Without including any pictures, write out the listing below exactly.

DATA SHOWN:

####

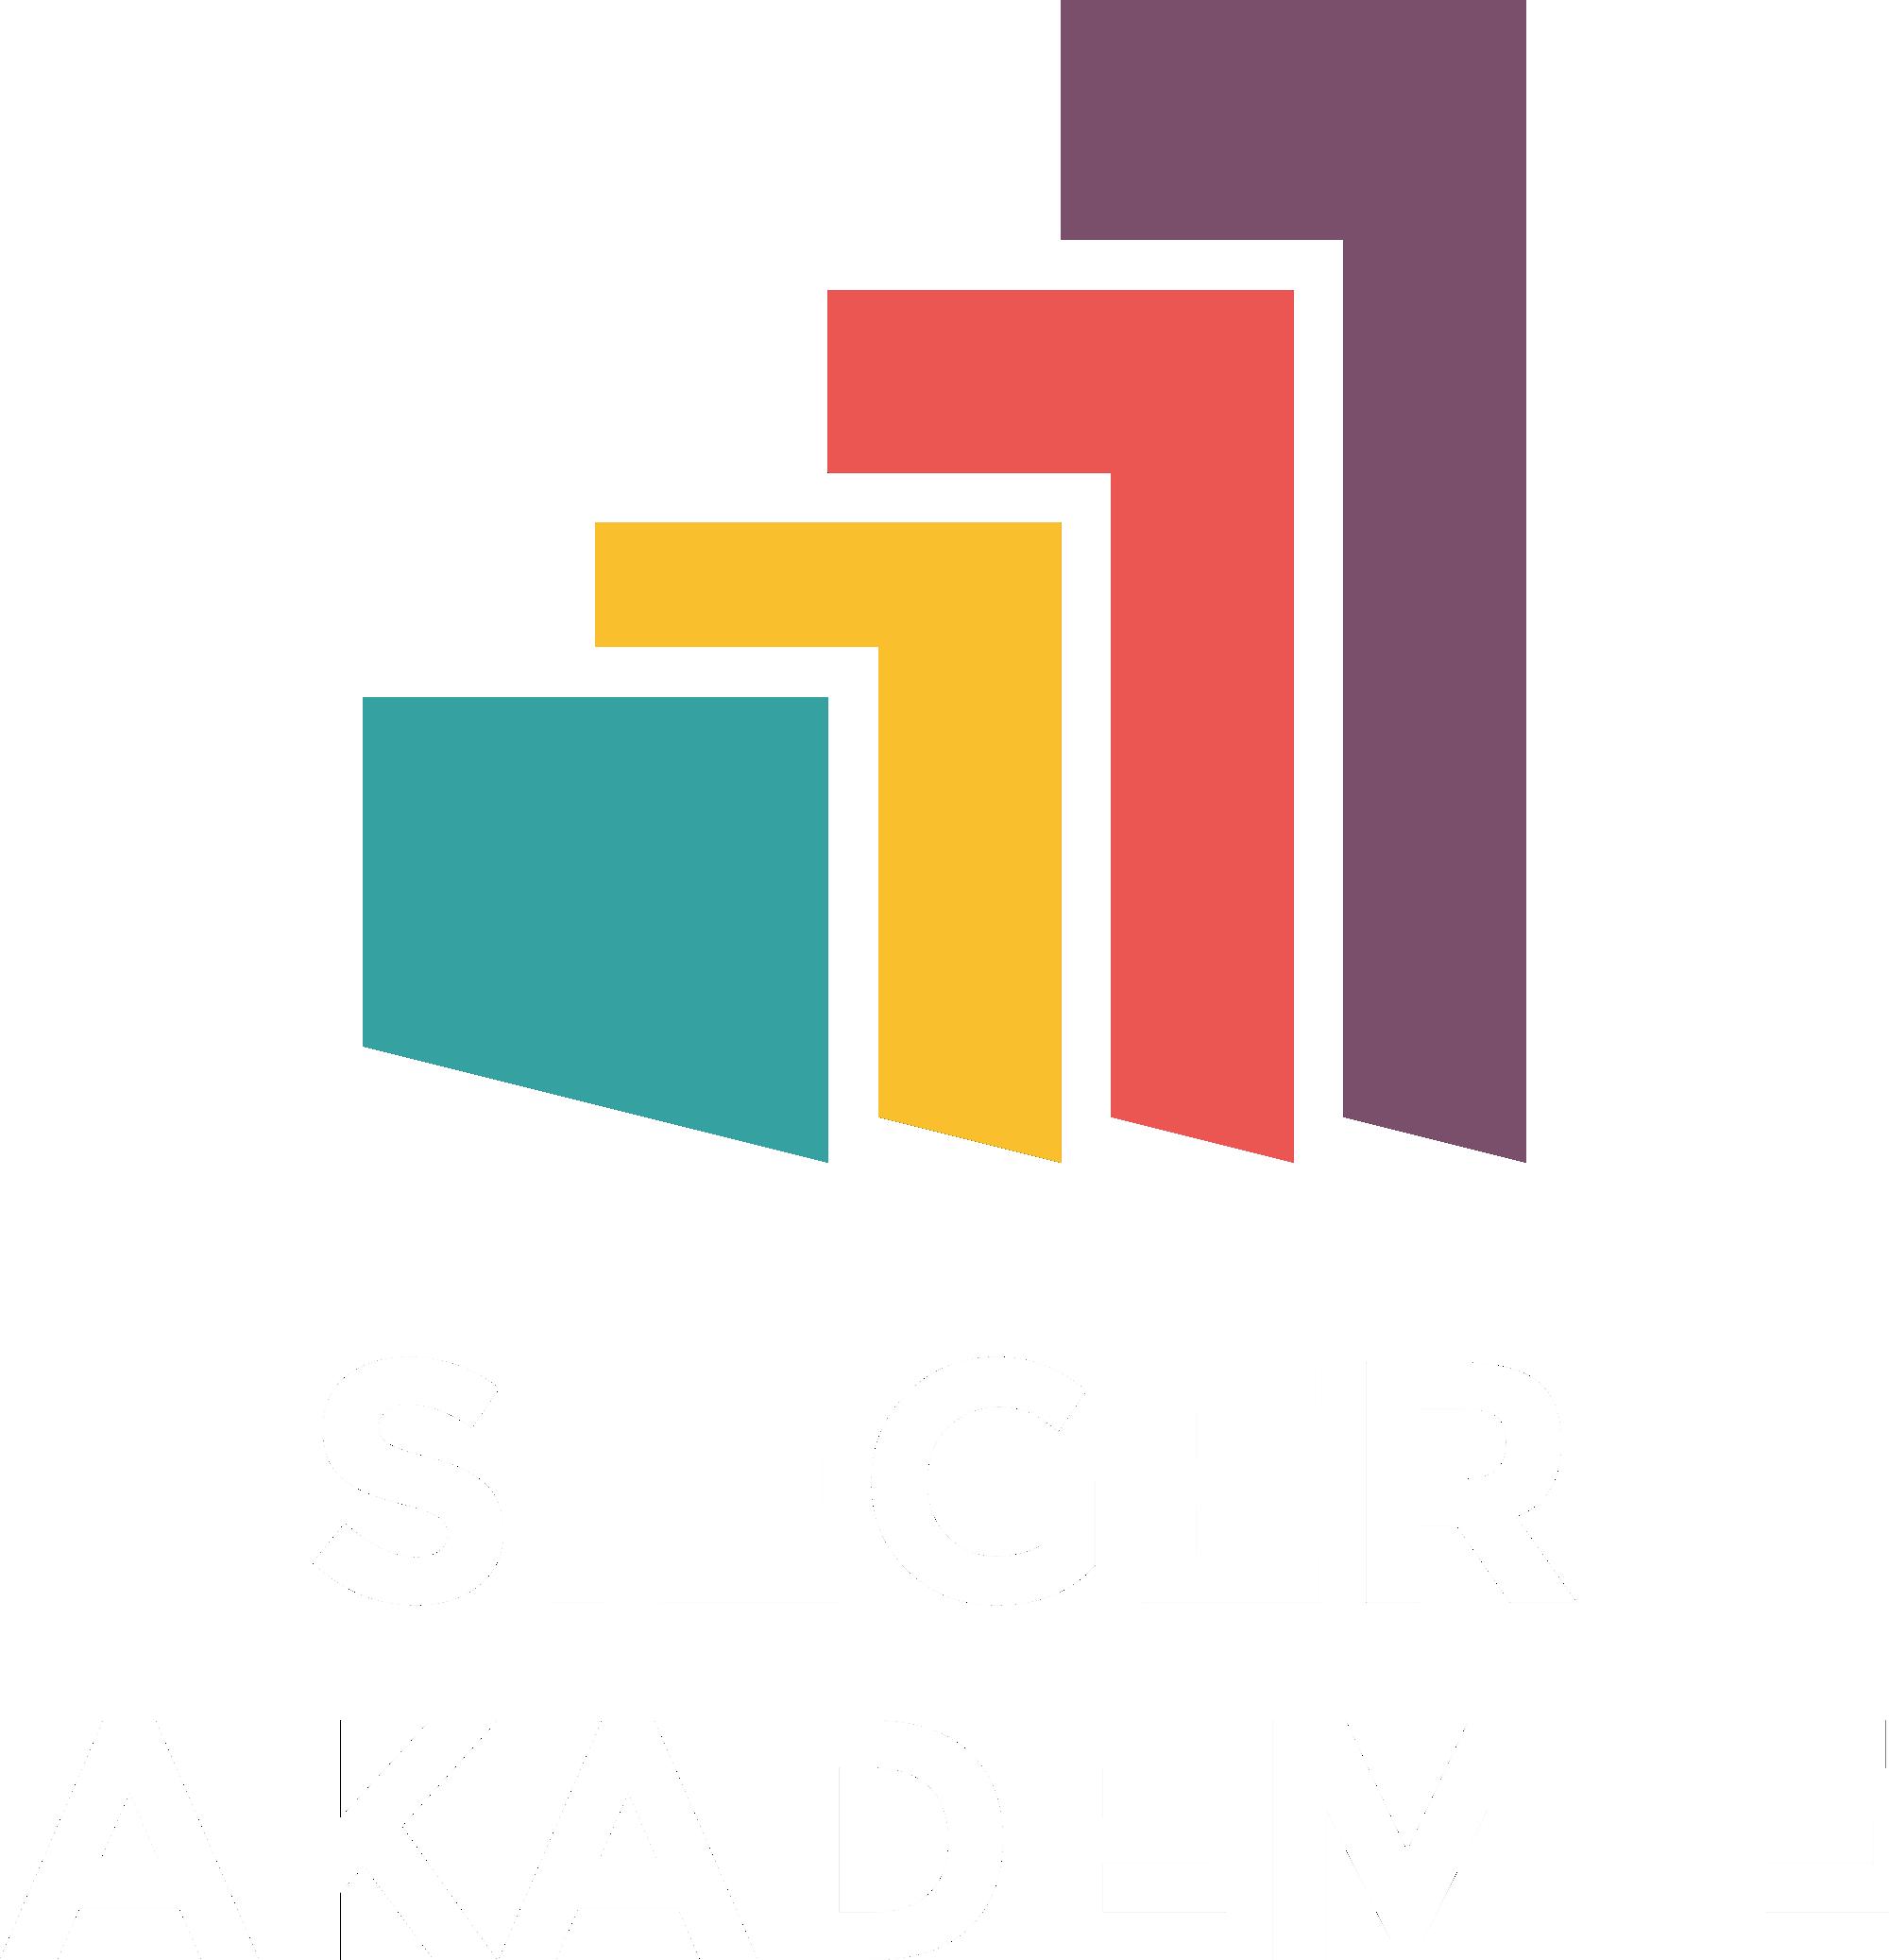 Sieger Akademie - Logo Redesign
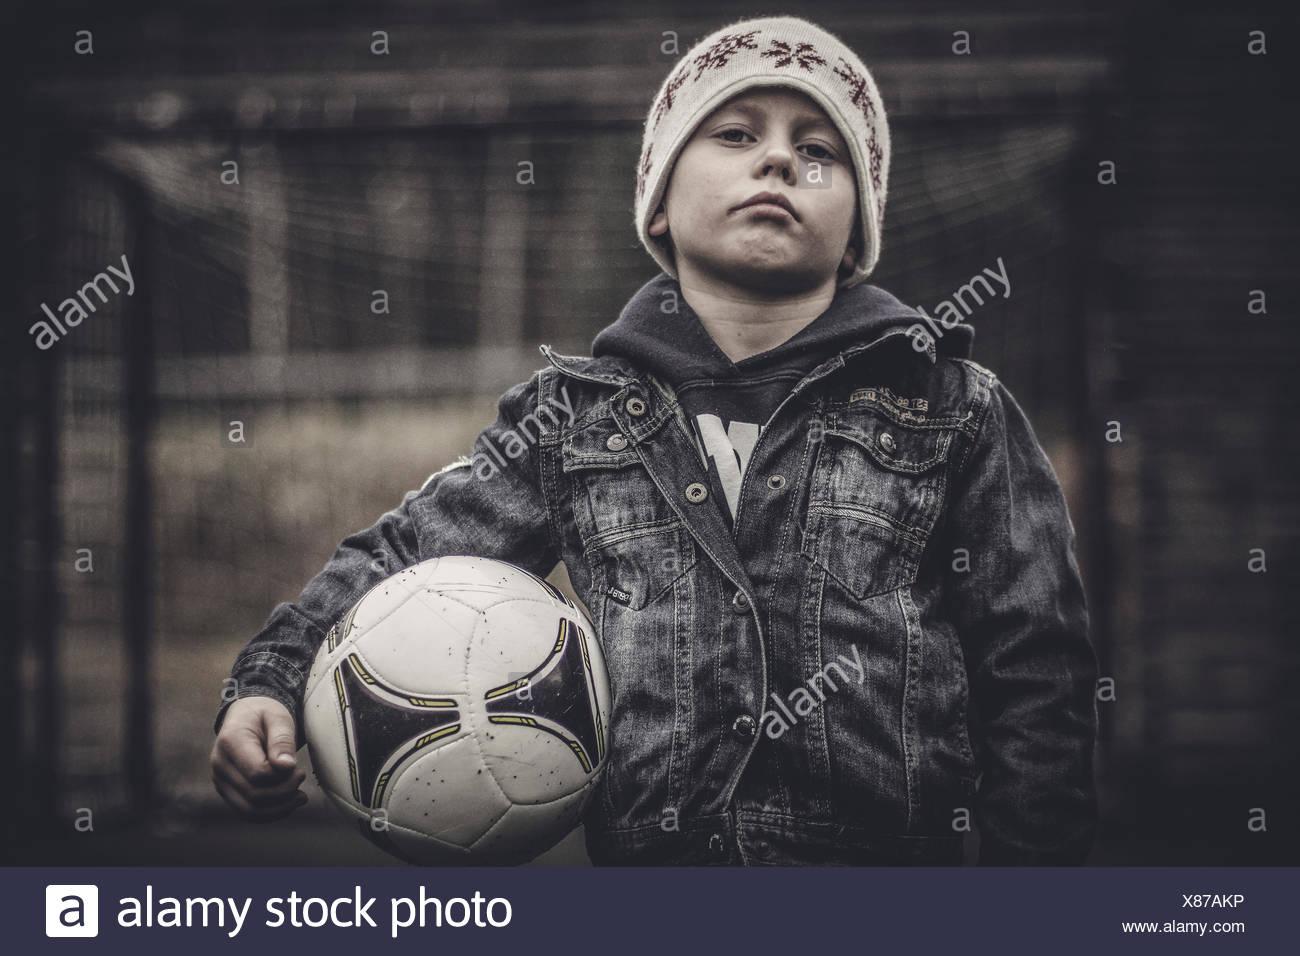 Retrato de una grave niño sosteniendo un balón de fútbol Imagen De Stock
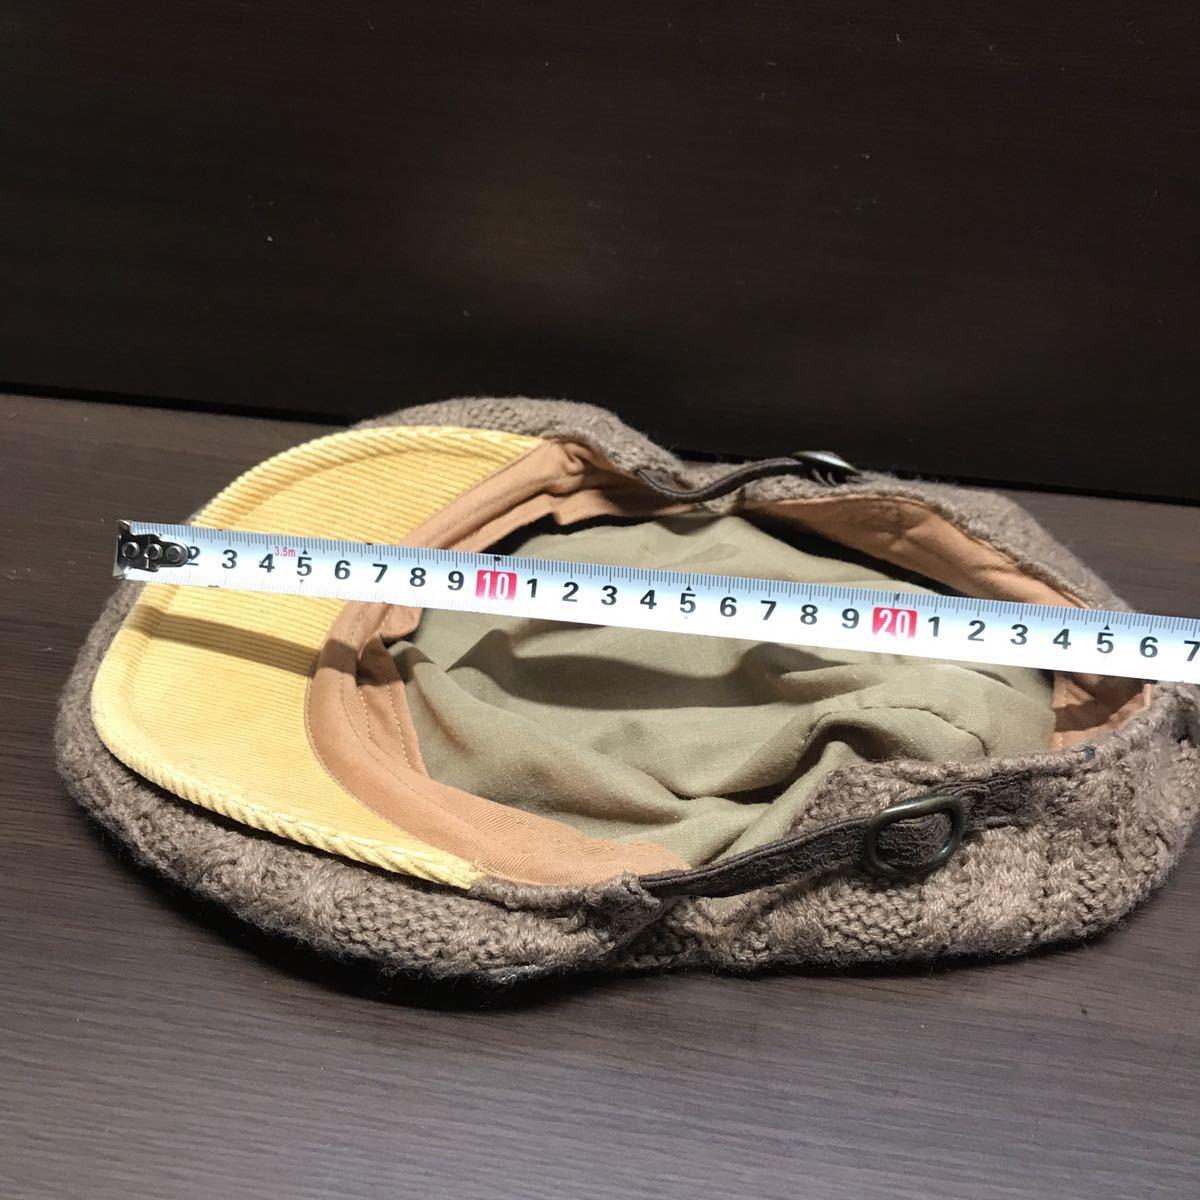 GRACE HATS ユニセックス ハンチングニット帽 ブラウン系 グレースハット_画像4
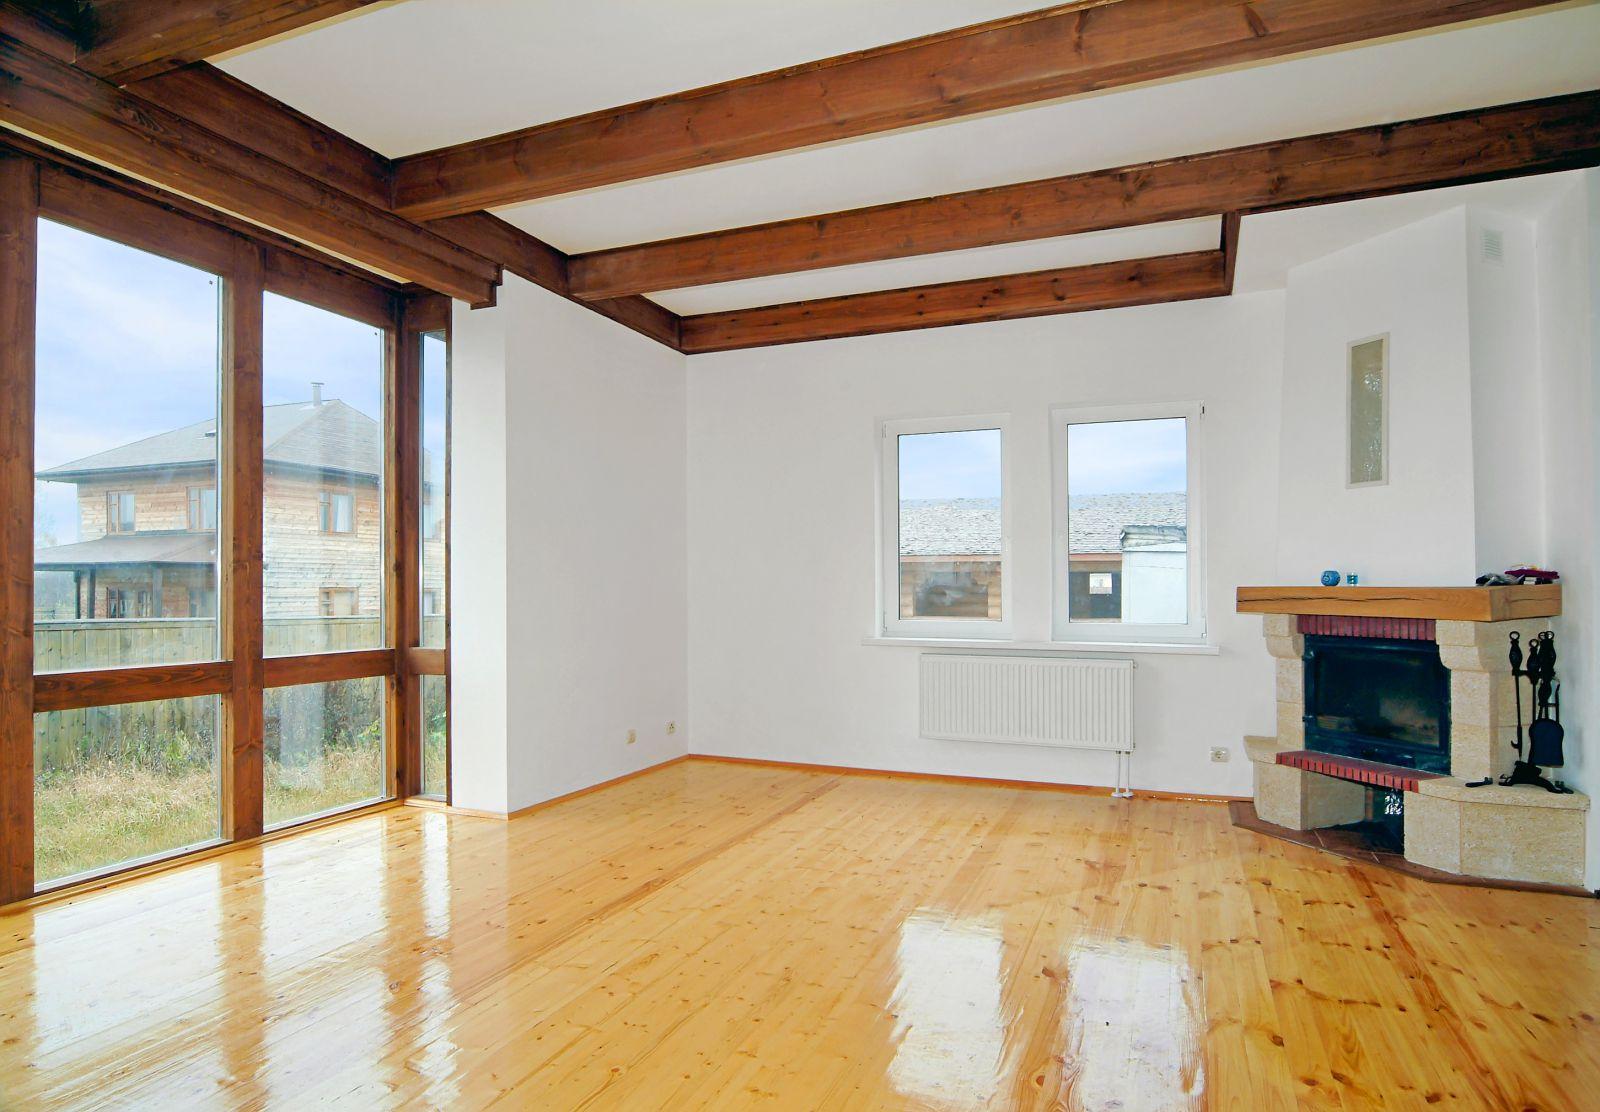 Фото ремонта дома внутри разных комнат расширение вен

####

EXERCISE RESULT:
 Sieger Akademie - Logo Redesign
 Retrato de una grave niño sosteniendo un balón de fútbol Imagen De Stock
 GRACE HATS ユニセックス ハンチングニット帽 ブラウン系 グレースハット_画像4
 Фото ремонта дома внутри разных комнат расширение вен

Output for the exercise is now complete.